HEK293T (RRID: CVCL_0063) cells were cultured in Dulbecco’s modified Eagle’s medium supplemented with 10% fetal calf serum and 1% penicillin-streptomycin. ‘HEK’ cells are listed in version 8.0 of the Database of Cross-Contaminated or Misidentified Cell Lines. Our HEK293T cells were validated in November 2017 by analysis of 21 genetic loci (Promega, Madison, WI, USA, PowerPlex 21 PCR Kit carried out by Eurofins Medigenomix Forensik, Ebersberg, Germany). Cells were plated on poly-L-lysine-coated glass cover slips or on plastic plates. Transfection was performed 18–20 h after plating using Metafectene (Biontex Laboratories, Munich, Germany). Unless noted otherwise, subsequent analysis was completed 24 h after transfection.

2.8. LDH Release

CytoTox 96 Non-Radioactive Cytotoxicity Assay (Promega, Madison, WI, USA) was performed according to the manufacturer’s protocol to measure release of lactate dehydrogenase (LDH) as a marker of cellular viability, as described before [53]. HEK293T were seeded on a 96-well plate 48 h prior to treatment with nAbs-αSyn. After 1 h/3 h/6 h/24 h incubation time, 50 μL of each well was transferred to a fresh 96-well plate. In addition to a no-treatment-cell control, a no-cell control, and a control containing HEK293T lysed with Triton X-100 were used. CytoTox 96 Reagent (Promega, Madison, WI, USA) was added to each well, and the absorbance was recorded at 490 nM by Infinite M200 (Tecan, Männedorf, Switzerland). Data are presented as a percentage of maximum LDH release (100%), which was determined by HEK293T lysed with 1% Triton X-100.

2.9. Metabolic Activity Assay

To assess metabolic activity a CellTiter-Blue (CTB) Cell Viability Assay was performed according to manufacturer’s protocol as described before [53]. HEK293T were seeded on a 96-well plate 48 h prior to treatment with nAbs-αSyn. After 1 h/3 h/6 h/24 h incubation time, CellTiter-Blue Reagent (Promega, Madison, WI, USA) was added to each well. After 2.5–3 h, a color switch (reduction in resazurin) was observed and fluorescence was recorded at 560Ex/590Em by Infinite M200 (Tecan, Männedorf, Switzerland).

2.10. Plasmids

A53T-αSyn was flexibly tagged with EGFP by using the interaction of a PDZ domain (post synaptic density protein (PSD95), Drosophila disc large tumor suppressor (Dlg1), and zonula occludens-1 protein (zo-1)) with its six amino acid-binding motifs. PDZ-EGFP was coexpressed with αSyn to which a six amino acid PDZ binding domain was added at the C-terminus [51].

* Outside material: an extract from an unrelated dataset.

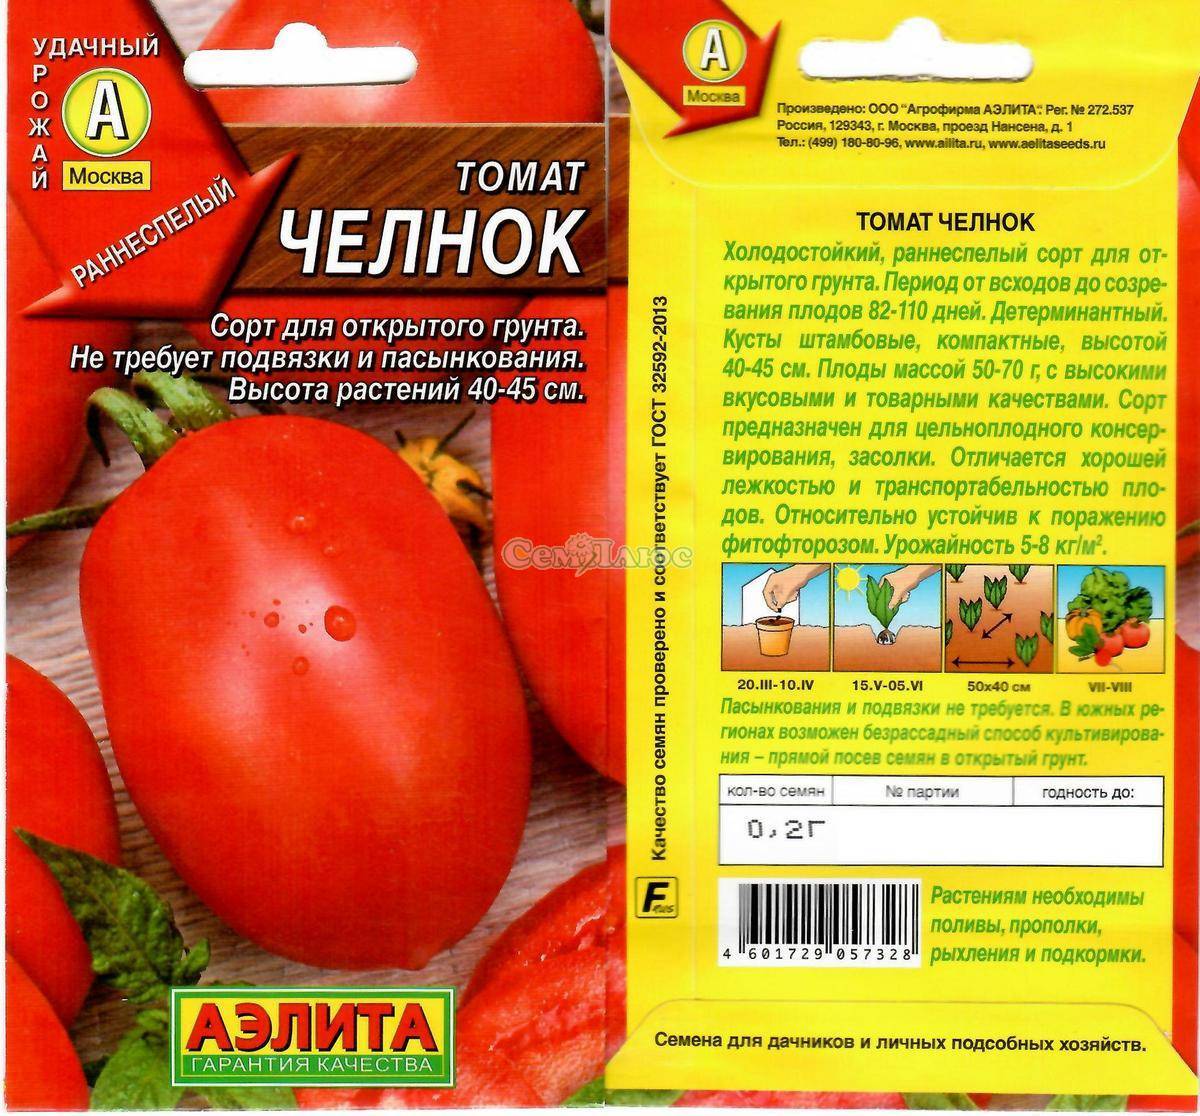 Описание сорта томата челнок и его характеристика: особенности выращивания из семян и фото созревших помидоров

2.11. Microscopy of Fixed Cells

Analysis of cells expressing EGFP-tagged αSyn was carried out as previously described [51,54]. For the classification of EGFP distribution patterns, cells were grown and transfected on coverslips. Then, 24 hours after transfection, cells were washed three times in cold PBS and fixed with paraformaldehyde solution (PFA, 4% paraformaldehyde, 5% sucrose in PBS) for 10 min. Coverslips were mounted with Fluoromount g (Cat# 0100-01 Southern Biotech, Birmingham, AL, USA). Using standard fluorescence microscopy (BX51 microscope, 60× oil immersion objective, NA 1.35, Olympus, Hamburg, Germany) focal depth was sufficient to see the entire cell in focus. The EGFP distribution pattern was classified manually into the following categories: ‘homogenous’, ‘one aggresome’ (large, round, perinuclear aggregate), ‘aggresome and aggregates’ and ‘unhealthy’ (round, condensed cells). Z-Stacks were not aquired. A blinded investigator classified at least 100 cells per coverslip. In each experiment, three coverslips were evaluated per experimental group and the results averaged by calculating mean. Depicted graphs summarize data (mean standard error of the mean (SEM)) from three independent experiments with ‘n’ equal to the number of independent experiments summarized.

2.12. Statistics

The study was not pre-registered. For assignment of experimental groups, no special randomization methods were employed. Sample sizes were determined by past experience and not by a statistical sample size calculation (Figure 3: at least 100 cells were analyzed). For statistical analysis and data presentation, we used GraphPad Prism 5.0 and 6.0 (RRID: SCR_002798, GraphPad Software, LaJolla, CA, USA). Graphs represent mean SEM. The tests used for comparison in each graph are noted in the figure legend (Figure 3: one-way ANOVA). The experiments were replicated independently at least three times with three replicates, representative graphs are shown. P < 0.05 was considered significant. In graphs, p-values are depicted as *p < 0.05, **p < 0.01, ***p < 0.001, ****p < 0.0001.

3. Results

3.1. Experimental Work

3.1.1. Binding Characteristics of nAbs-αSyn

nAbs-αSyn were isolated from commercial human IVIG preparations using gravity flow affinity purification as described previously [46]. nAbs-αSyn are not very abundant, so several purification batches were pooled to obtain a sufficient amount of nAbs-αSyn protein. The flow through (FT) of the affinity purification was used as negative control.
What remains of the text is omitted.